First part (1/6th?) was ‘hard' to get through. Just confusing because the whole series is. But then you understand stuff. Dead Town expedition, the rabbits, Old Jim, Lowry. I loved all 4 books for the cosmic horror and environment. Terroir. The parking lot puddles. If you've come this far and enjoyed the first 3 books, this is good stuff. If you dnf'ed book 2 or 3 then this 4th isnt gonna provide you any absolution. 4/5 for me. This whole 4-part trilogy should reward me a full re-reading. Someday :)
But actually, I dont understand jackshit at all and I'm gonna love reading reddit theories and watching theorie-videos. All the theories - that's book 5. The weirdness, what is real? Wtf is going on? The cosmic horror. I love it!

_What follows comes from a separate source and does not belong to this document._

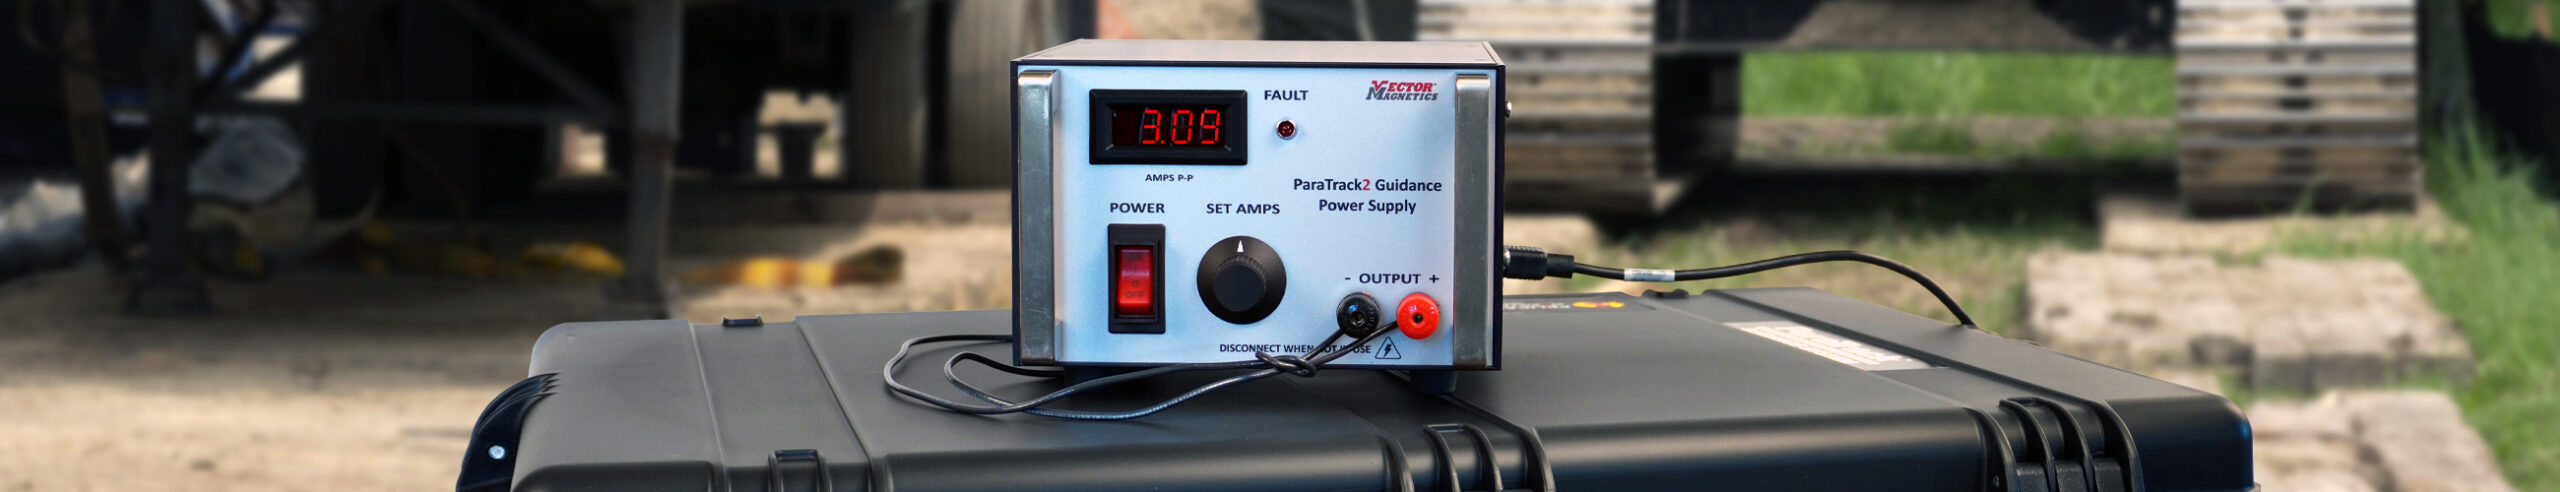 ParaTrack2 Guidance Power Supply

Other than the last section, I don't understand why this book exists. A press release I saw recently said something to the effect of this book answering questions the other books asked. First, no it doesn't, and second it actually leaves me with more questions. As always, I like the writing and storytelling. But this story doesn't really add much to the saga.
Late this past summer, soon after I finished listening to all 25 hours of the audiobooks of the first three Area X novels (I'd read them when they first came out) - imagine my surprise that Vandermeer was inspired to write a (final?) book in the Southern Reach series. With the narrative of the three "prequel" novelas in this 3th book, the universe is fuller, the lore (and gore) richer, but I dont know if the complete arc is better. I am glad that a 4th book didn't go foward from where "Acceptance" ended as the uncertainty of that world speaks for itself. If the goal of this 4th book is to explain what/who is behind Area X and/or where it came from, at best incomplete answers are gained. It does give much insight into Command and how it handled The Southern Reach from the earliest days of odd happenings. As one who digs the sheer creepy insanity of Area X, I got some of this - especially in the 3rd novella - but I also got too much, unnecessarily opaque story about the people and tatics of Command. There's surely some cause and effect between these two, but it mostly escapes me - even after so many mostly thrilling hours I've spent in this beautifully bizarre world of Area X.